Here is an encyclopedic entry on this letter by one George Edward Jeans, written twenty years earlier:

April 16, 711 A.v.c. (43 B.C.)

This letter gives an account of the battle of Forum Gallorum (a hamlet on the Aemilian road between Bologna and Modena, perhaps the place now called Castelfranco), or, as it is sometimes called, the first battle of Mutina. Victory on the whole declared for the consuls, but the rather indecisive success was more than counterbalanced by the mortal wound received by Pansa, of which he died within a fortnight. The date of the battle is fixed beyond question by this letter to the 15th, though Ovid (Fasti, iv. 625) assigns it to the 14th. On the receipt of the news it was proposed by Servilius to declare the state of siege ended, and to celebrate a public thanksgiving for the victory. On this occasion Cicero delivered his fourteenth and last Philippic, declaring the former part of the proposal premature, but warmly seconding the latter.

The letter is clear and soldier-like, reminding us, says Mr. Forsyth, of the Duke of Wellington’s famous despatch after Waterloo. The author, Servius Sulpicius Galba, was one of the less prominent of Caesar’s murderers, and was now in command of the Martian legion. He was great-grandfather of the Emperor Galba.
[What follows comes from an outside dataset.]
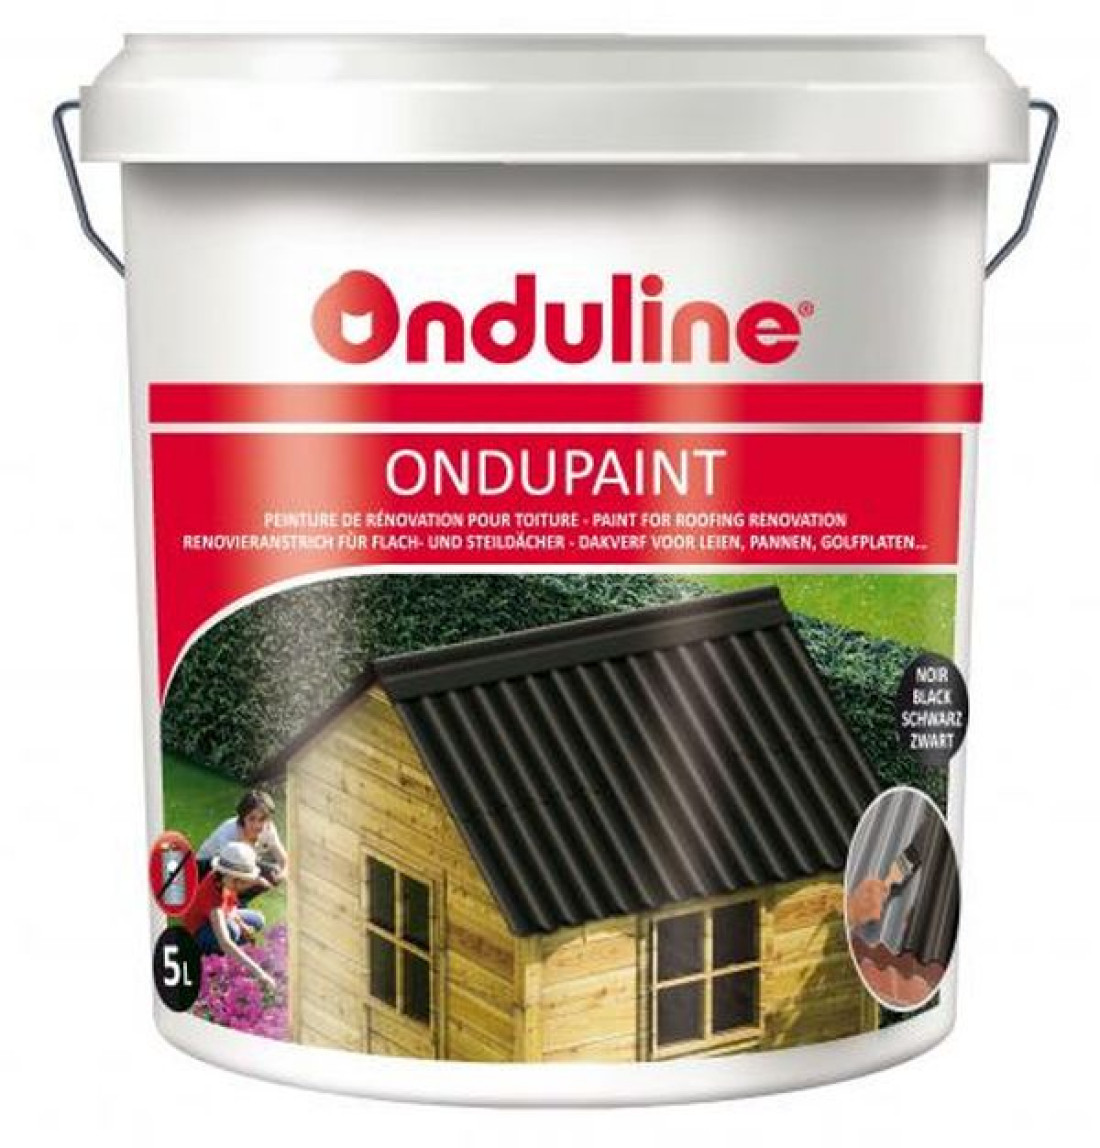 Wodno-akrylowa farba dyspersyjna do renowacji i konserwacji dachu ONDUPAINT ®

Now, here is Jesus talking in Latin, using one of the words written by Servius Sulpicus Galba to Marcus Tullius Cicero (translated into English from the Greek and the Greek transliterated Latin in the early 1920s by Edgar J. Goodspeed):

Then Jesus said to him,
“Put your sword back where it belongs! For all who draw the sword will die by the sword. Do you suppose I cannot appeal to my Father, and he would at once furnish me more than twelve legions [λεγιῶνας, legiones] of angels? But then how are the Scriptures to be fulfilled, which say this must happen?” [Matthew 26:52-54]


And Jesus asked him,
“What is your name?”
He said,
Legion! [Λεγιών, Legio]” For many demons had gone into him.
[Luke 8:30]


He asked him,
“What is your name?”
He said,
“My name is Legion [Λεγιών, Legio], for there are many of us.”
[Mark 5:9]


When they came to Jesus and found the demoniac sitting quietly with his clothes on and in his right mind
— the same man who had been possessed by Legion [Λεγιών, Legio]
they were frightened.
[Mark 5:15]

Now, to be clear, this last verse I’ve quoted — Mark 5:15 — is not Jesus talking in Latin but rather the writer writing in Greekified Latin. What Mark’s readers get is that this is a military term, an imperial Roman name.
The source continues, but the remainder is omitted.